On David Letterman's new show, Jay-Z said that music had come a long way since his early days as a rapper. Back in his youth, the MC's job was to be the hype-man for the star attraction - the DJ. As time progressed, however, the MC took the spotlight away from the person making the beats. Music was all about the rhymes, the flow, and wordsmanship that would make William Wordsworth say "Word".
This trend stayed on for so long that most music producers had to learn how to write songs to keep themselves relevant. A look back into the pop catalog for the '90s and '00s reveals that mostly male producers wrote songs for Britney Spears, Christina Aguilera and most other pop artists.
But the times are always a-changin'. In a recent interview, legendary music producer Quincy Jones said that the pop music of today has no lyricism. He added that the beats were fresher than ever before, but the words were used to "hype" those beats and not to stand on par with them. And this brings us to the song Don't Call Me An Angel from this film's soundtrack. This song has attained popular status owing to the name recognition of the artists performing it and the beat powering it. When asked about the "significance" of the song, the singers laughed the question away and said that sometimes a song is just a song.
And with that sentiment in mind, Charlie's Angels 2019 is a movie that is just a movie.
It stars Kristen Stewart as wild child Sabina Wilson, Ella Balinska as prim and proper Jane Kano, and Naomi Scott as hacker/scientist Elena Houghlin. Their mission is to stop a bunch of bad guys (and they are GUYS) from misusing a power generator, which Houghlin created with the best intentions. Elizabeth Banks' Bosley leads these women on their warpath.
Banks leads the pack not only in front of the camera but behind it as well. Her previous dabble in directing was Pitch Perfect 2, a perfectly average female-led, a-Capella fueled romp. And her sensibilities with directing a group of talented women carry over to her new project. The characters, while lacking depth, are rarely grating. The movie keeps their stories ticking along by introducing new characters, settings and set pieces into the mix quite frequently. The film rarely, if ever, seems bogged down.

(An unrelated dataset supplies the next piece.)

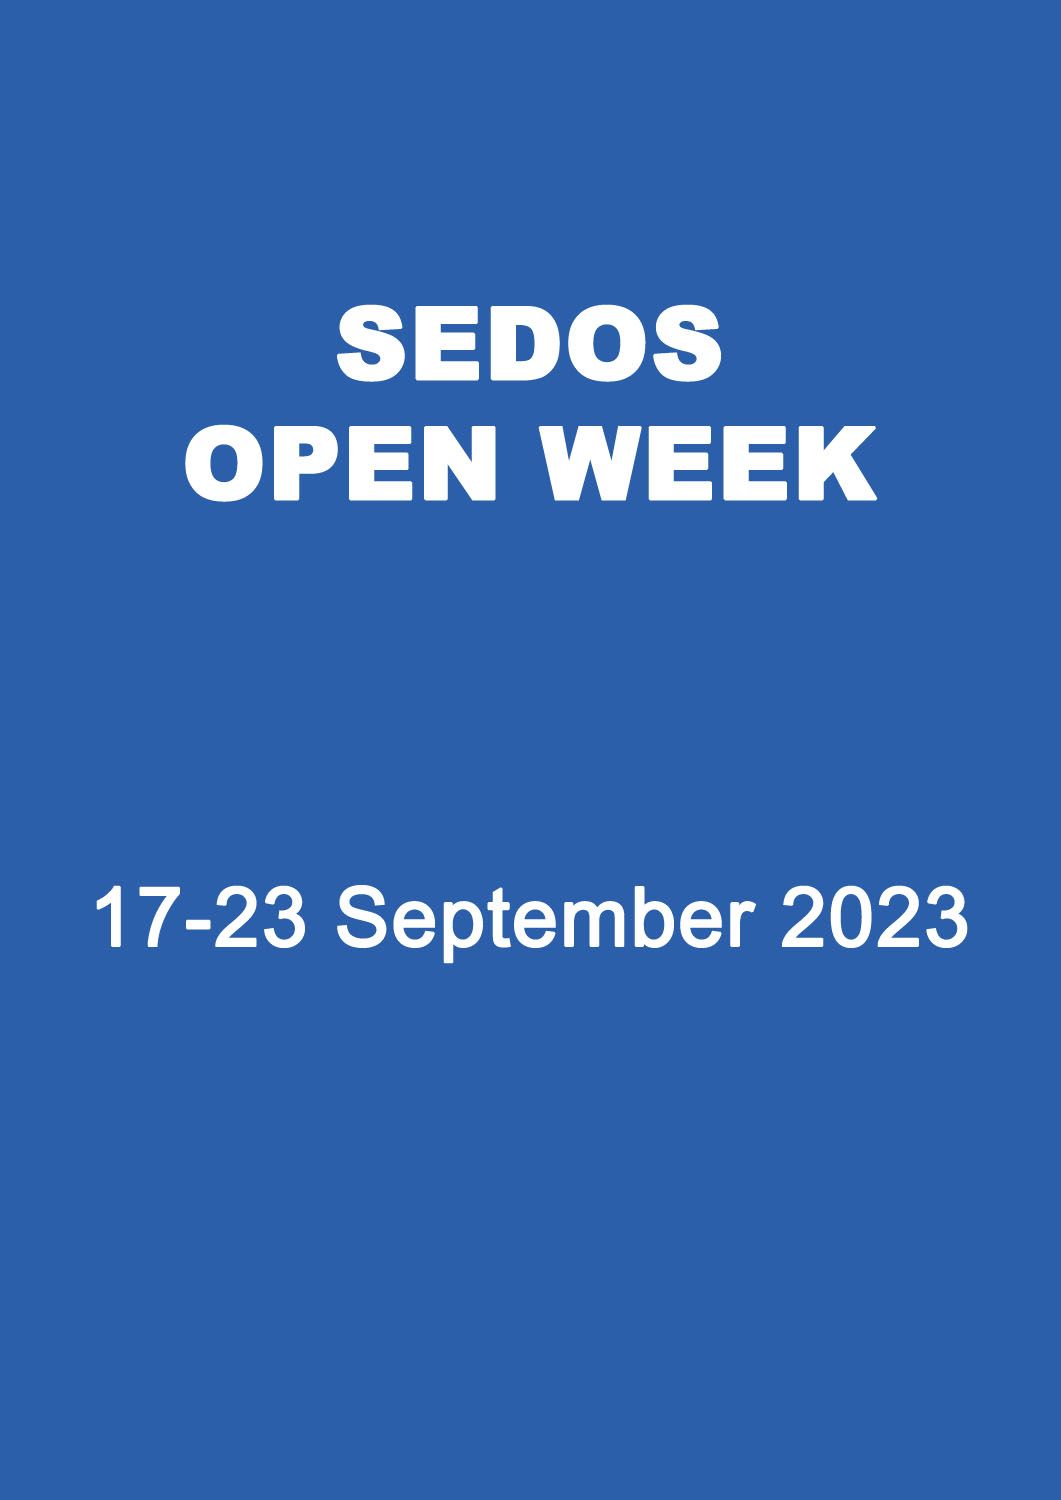 Sedos Open Week flyer image

However, this lack of depth and focus is a double-edged sword; much like the one a certain female heroine did when she went on a mission to
Kill Bill. Charlie's Angels is what one gets when one applies a Snapchat filter on a tepid script that has lived a full life, died, been resurrected, killed again, summoned as a zombified corpse and then shot in the head for good measure. The filmmakers might think that the filter makes their film funny, spontaneous and random, but that sentiment is as far away from the truth as Kristen Stewart was to the action scenes.
There is an unmissable hollowness to the whole exercise of watching Charlie's Angels. With none of the emotional beats having the impact they should and a good chunk of the comedy falling flat, the audience is left to sift through a stack of needles hoping that a sliver of hay may offer them some respite.
The slivers of hay do come in the form of the leading ladies who seem to be having fun with the material. Ella Balinska, in particular, throws herself into the hand-to-hand combat sequences so much so that the sub-plot she shares with mute assassin Mr. Hodak is simply the most rewarding aspect of the entire film. The care and sub-text present in this sub-plot do more justice to the message of female empowerment than the film surrounding it. And, lest we forget, Patrick Stewart reignites some shades of the character he played in Green Room to significant effect.
These actors and the locales they find themselves in are captured cleverly by Bill Pope's camera. The man who shot
The Matrix,
Spiderman 2,
Spiderman 3, and Scott Pilgrim vs The World knows how to make a movie sequence look exquisite. However, filmmaking is teamwork, and for a team to succeed, every part of it needs to be on the same page. While Ella Balinska does her job, most of the others are more than content with the editors and stunt doubles doing the action for them. The hyper-cut action sequences when inter-cut with a terrible soundtrack (which will most definitely be outdated in a month from today) make for a horrid AV experience from time to time.
As we were alluding to earlier, time is cyclical. As pop music progressed from DJs/producers to singers and back to DJs/producers, female-powered pop action extravaganzas moved from the
Charlie's Angels and
Lara Crofts of the early '00s to Kill Bill to
Wonder Woman to Charlie's Angels again. The only significant difference we could spot between the two iterations of the Angels is that the new one has a welcome reduction of Cameron Diaz's derriere on screen.
This phenomenon proves beyond a shadow of a doubt that the girls can make a middle-of-the-road popcorn cash grab just as well as the boys. And we here at fullhyd.com will critique the men, women, non-binary and transgender folk who work on these movies with the same amount of zest. If that is not true equality, we don't know what is.